CKD Prevalence Among Patients With and Without Type 2 Diabetes: Regional Differences in the United States

2021 
ABSTRACT Rationale and Objective Regional variation of chronic kidney disease (CKD) in patients with or without type 2 diabetes mellitus (T2DM) is not well characterized. Study Design Spatial and temporal comparative analysis. Setting and Participants Used MarketScan® databases to identify patients in the US with CKD overall and subgroups with and without T2DM. Outcomes Spatial patterns in CKD prevalence by year, regional clusters of CKD between years, and characteristics of patients in high-prevalence states.
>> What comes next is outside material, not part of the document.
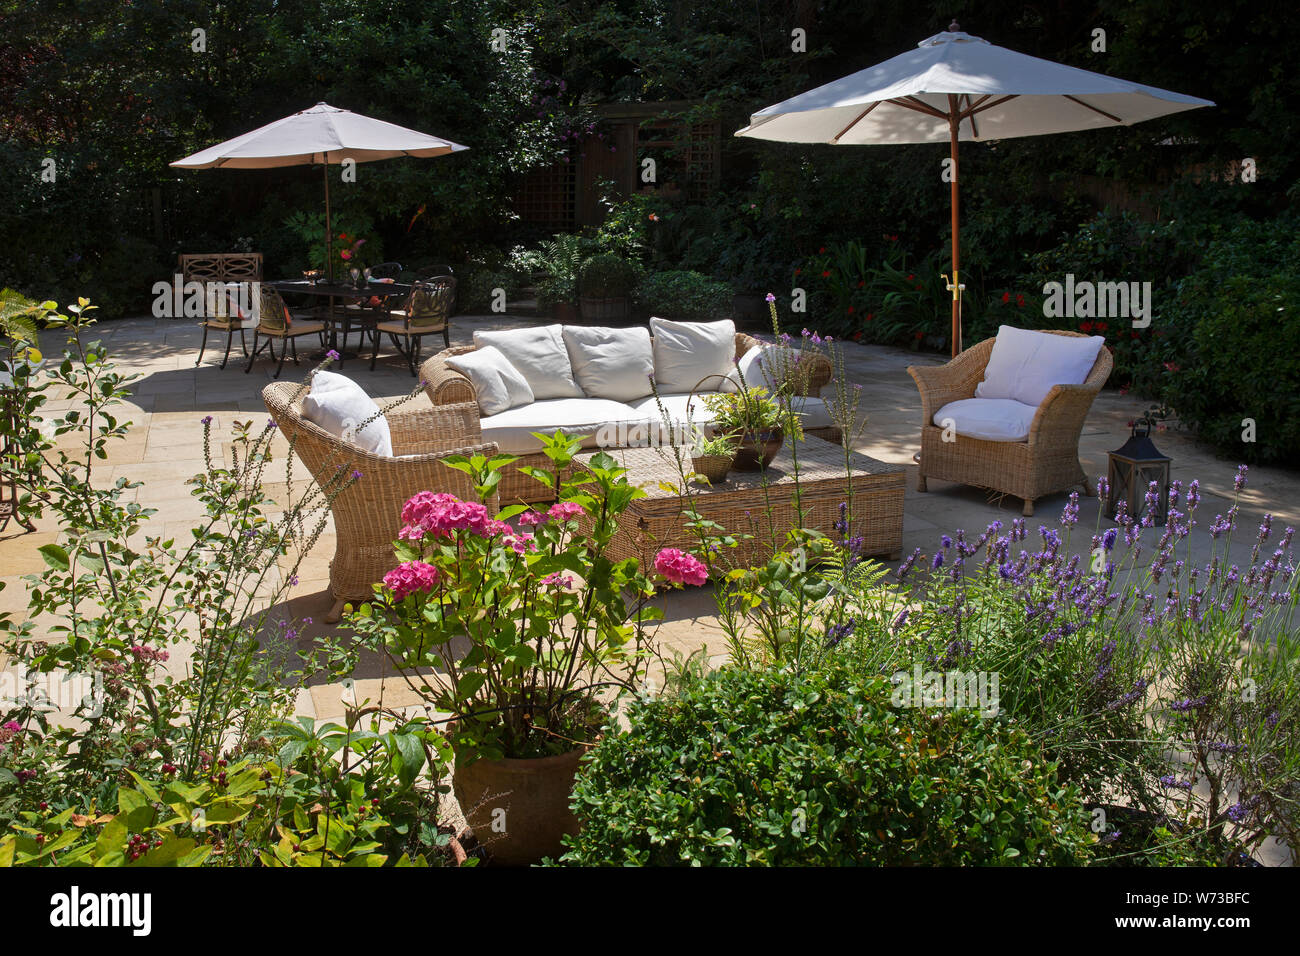 wicker outdoor seating with sun umbrella in English garden, England Stock Photo

Analytical Approach Geo-mapping was used to visualize state-level data for CKD prevalence generated from 2013 to 2018. We used univariate LISA to evaluate geographic differences in prevalence, differential LISA for the change of CKD over time, and chi-square to identify patient characteristics in the top 20th percentile states for prevalence of CKD. Results In univariate LISA, low-low clusters, where a state has low CKD prevalence and the surrounding states have below average CKD prevalence, were observed in the northwest throughout the study period regardless of T2DM status, indicating consistently low prevalence of CKD clustered in these areas. High-high clusters were observed, regardless of T2DM status, in the southeast in more recent years, suggesting increased CKD prevalence in this region. Limitations Healthcare insurance enrollment may not be representative of the US; estimates were based on claims data that likely underestimated the true prevalence. Conclusion Geographical disparities in CKD prevalence appear increasingly magnified, with an increase in the Southeastern US. This increase is especially problematic given that patients with CKD in high-prevalence states experience a greater likelihood of chronic conditions than the rest of the US.